Non seulement les forces de police deviennent des cibles, mais la corruption « fait partie de leur vie quotidienne », témoigne alors García Luna. Gouverné par le Parti révolutionnaire institutionnel (PRI) pendant des décennies, le Mexique a longtemps payé cette absence de diversité par de la corruption : « Les cartels pouvaient aller voir le gouverneur ou le maire et lui demander de ne pas être dérangé en échange d’argent », se souvient l’ancien ambassadeur américain au Mexique, Jeffrey Davidow. La situation a commencé à changer dans les années 1990, lorsque le PRI a fini par être défait par Vicente Fox, un ancien responsable de Coca-Cola concourant sous la bannière du Parti action nationale.
Alors, « l’État a cessé d’être l’arbitre des disputes, cet appareil qui pouvait contrôler, contenir et simultanément protéger les cartels », analyse le chercheur Luis Astorga. « Sans arbitre, ces groupes doivent résoudre leurs différends eux-mêmes et ils ne font pas ça en organisant des réunions. » Avec sa formation d’ingénieur, Genaro García Luna était assez à l’aise avec la technologie pour être considéré comme un petit génie des services de sécurité. Il est ainsi devenu, dans les années 1990, un acteur central de la réorganisation de la police avant d’être nommé à la tête de l’Agencia Federal de Investigación (AFI) par Vicente Fox en 2001.
À travers lui, l’État a cherché à recouvrer son rôle d’arbitre, quitte à se compromettre. « Il n’y avait pas de guerre contre la drogue à proprement parler mais plutôt un guerre de cartels dans laquelle le gouvernement a choisi un camp et a protégé le cartel de Sinaloa, ce qui n’a entraîné que plus de violence pour la société et plus de pouvoir pour le cartel », juge la journaliste d’investigation Anabel Hernández.
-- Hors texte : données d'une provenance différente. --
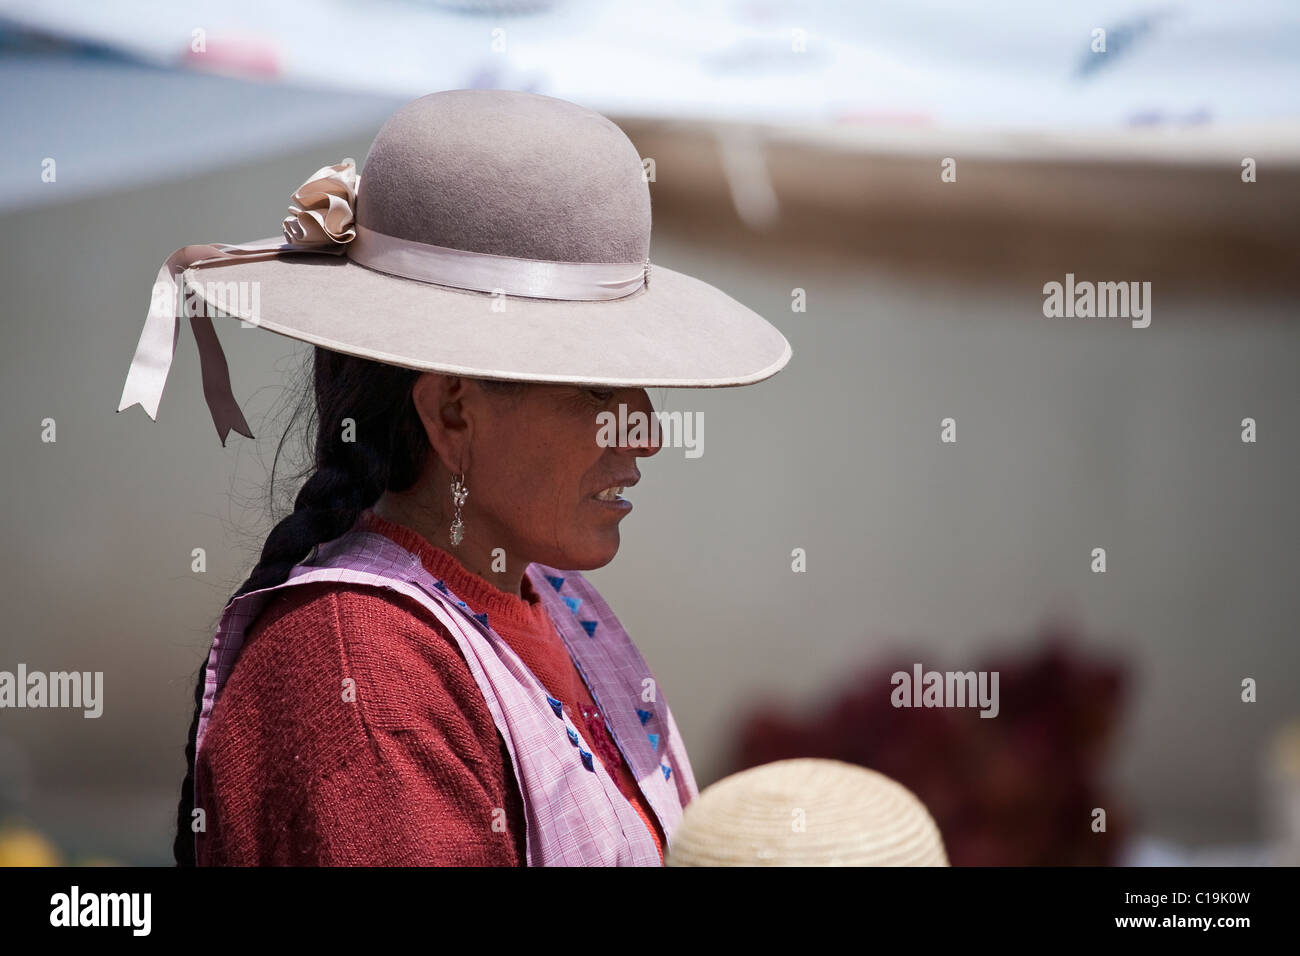 Bolivian Lady dressed in typical clothing with hat, Huari, Bolivia, South America. Stock Photo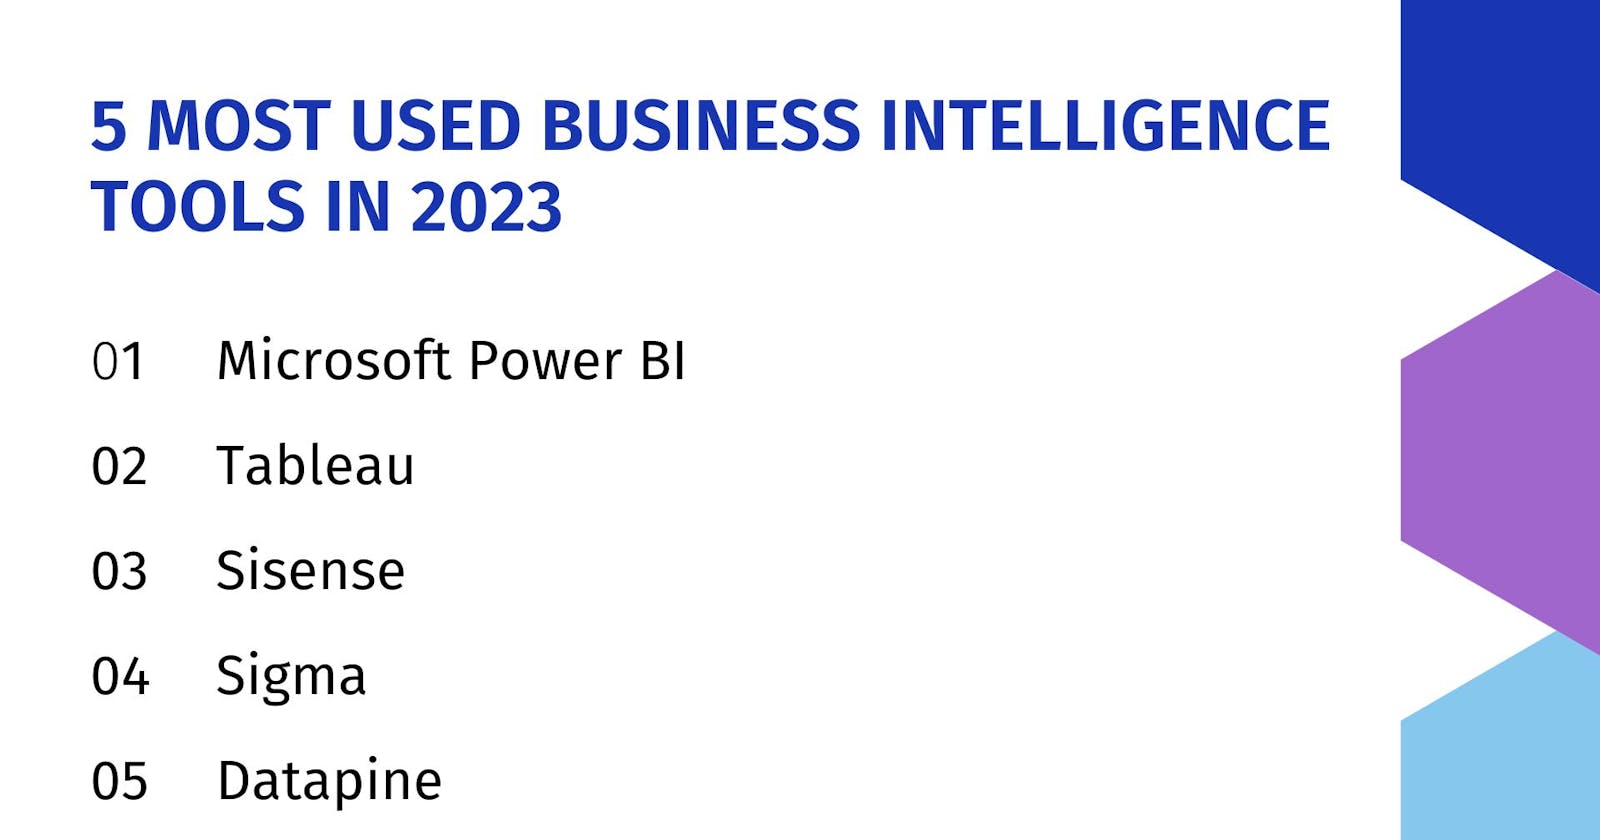 5 Most Used Business Intelligence Tools in 2023

Présent sur place à l’époque, John Burnett se souvient que « tout le monde parlait du favoritisme à l’égard des habitants de Sinaloa. C’était un secret de polichinelle. » Une infime part des arrestations concernait alors les membres du cartel d’El Chapo.
D’après des sources policières citées par le journaliste José Reveles, Genaro García Luna a rencontré Arturo Beltrán Lleyva après son départ du cartel de Sinaloa. En 2012, un de ses lieutenants, le Texan Edgar Valdez Villarreal, dit La Barbie, a déclaré lors de son arrestation avoir payé le secrétaire de la sécurité du Mexique. La même année, un agent de police a tiré sur un de ses collègues à l’aéroport de Mexico, et 14 agents mexicains ont ouvert le feu sur un 4×4 où se trouvaient deux agents de la CIA. Ils ont ensuite déclaré les avoir pris pour des membres de gangs.
Pendant tout ce temps, le leader du cartel de Sinaloa, El Chapo, s’est échappé à deux reprises des geôles mexicaines et la fortune de Genaro García Luna n’a fait que grandir. Cela permet à ce dernier de louer à une maison évaluée à 3,3 millions de dollars à Miami en 2013, un an après la fin de ses fonctions. Arrêté en 2016, El Chapo est finalement extradé vers les États-Unis deux ans plus tard. Les noms des anciens présidents Felipe Calderón (2006-2012) et Enrique Peña Nieto (2012-2018) sont cités à son procès. Le second a reçu 100 millions de dollars de pots-de-vin du cartel, a raconté un de ses anciens dirigeants, Alex Cifuentes.
Aujourd’hui, c’est donc Genaro García Luna qui est accusé d’avoir « reçu des millions de dollars de pots-de-vin d’El Chapo quand il contrôlait les forces de police du Mexique et était responsable de sa sécurité », a déclaré le procureur américain Richard Donoghue. L’ancien chef de la police mexicaine a obtenu la nationalité américaine en 2018 « en mentant sur son passé criminel lié au cartel de Sinaloa », a-t-il ajouté. C’est du moins ce que le procès devrait démontrer.